NextEra Energy is among the biggest electricity transmission businesses in the United States. Its energy supply sector, which provides renewable energy to other corporations and customers across the country, is also the world's pioneer in providing energy from wind and solar energy plants.
NextEra is among the few energy corporations that are unaffected by COVID-19 as well as other economic issues. The company has a major benefit as an energy firm that is not reliant on oil. Power is consumed by people regardless of whether they remain at home or go out. In reality, NextEra Energy's administration has made statements implying that the firm will be disappointed if revenues do not meet the high range of its projection. It is among the few energy stock prices that are performing substantially above pre-pandemic peak levels.
As far as the renewable energy movement is concerned, NextEra Energy has remained well ahead of its competition. It is currently the leading producer of renewable energy owing to the company's initial embrace and enormous advances in sustainable energy.
Although NextEra Energy is one of the top 10 global energy firms, it is the only one that isn't engaged in the conventional oil and natural gas market.
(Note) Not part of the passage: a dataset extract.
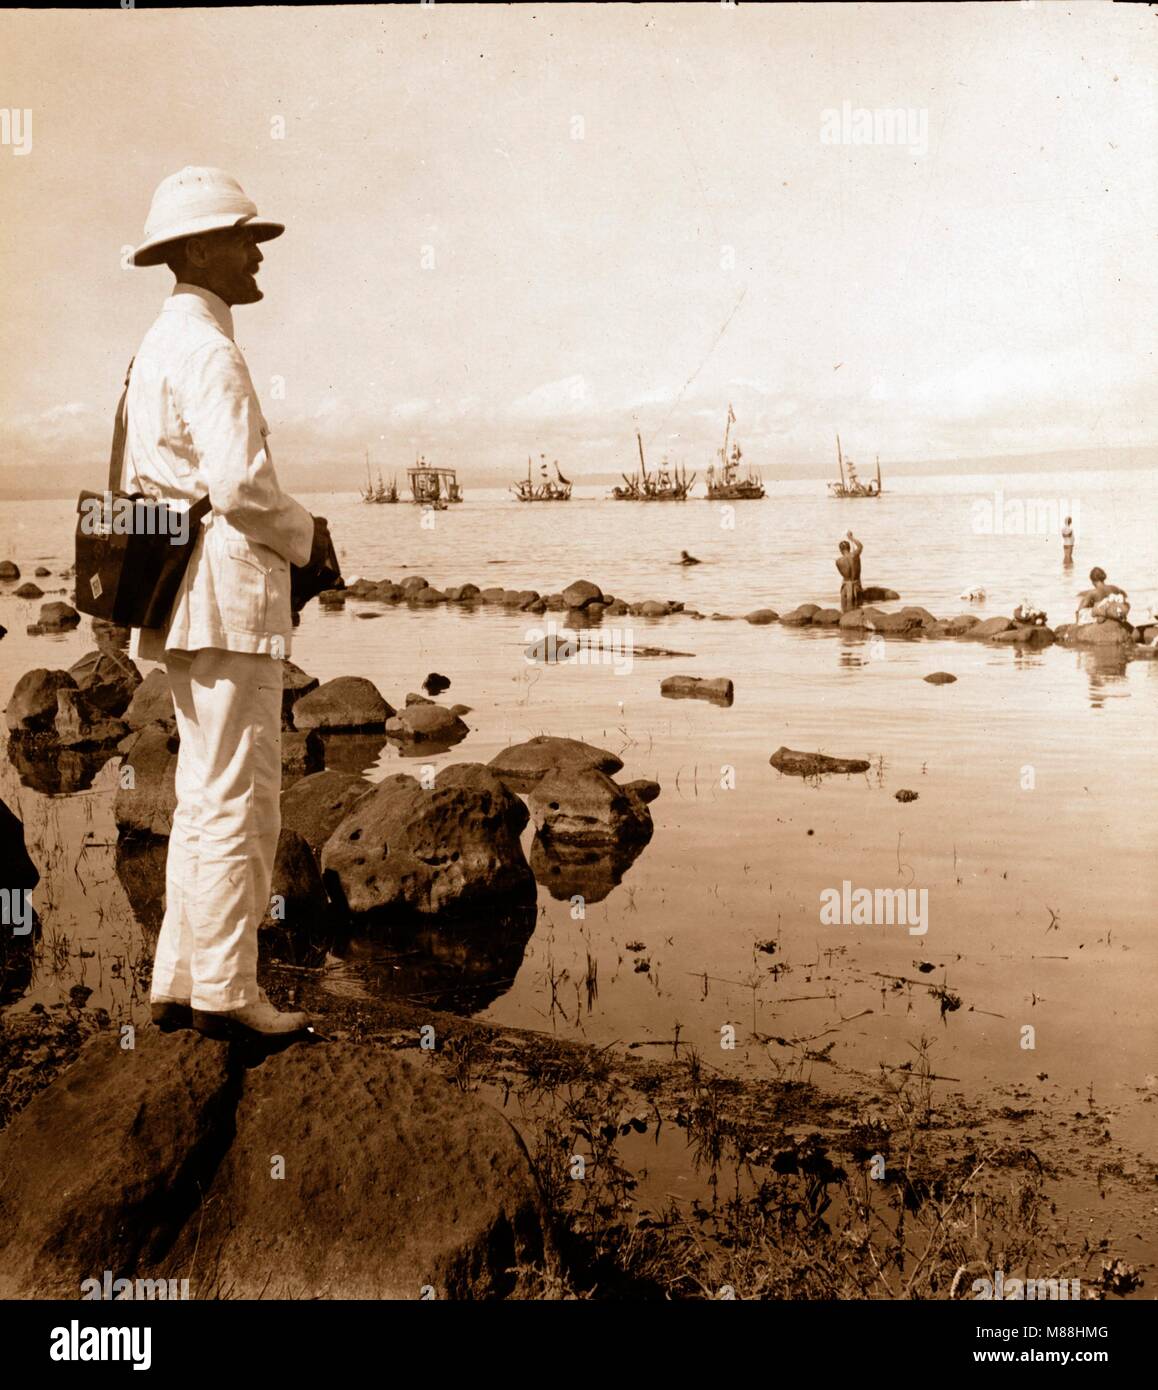 Burton Holmes en Asie, 1908 Banque D'Images

However, with the rising political shifts towards clean energy, the company's energy stock prices are expected to go up even further in the coming years.
The energy industry is one of the most exciting stock market sectors for day traders and seasoned investors. If you have experience in stock trading and understand how the energy stock prices fluctuate, then the energy industry can be quite lucrative. However, it can also be a great starting point for new investors. Due to the fast-paced environment, the energy industry helps new investors learn the ropes quickly. However, it should be noted that energy stock prices are quite vulnerable to several factors, and therefore, new investors should start small in this sector and diversify their portfolios.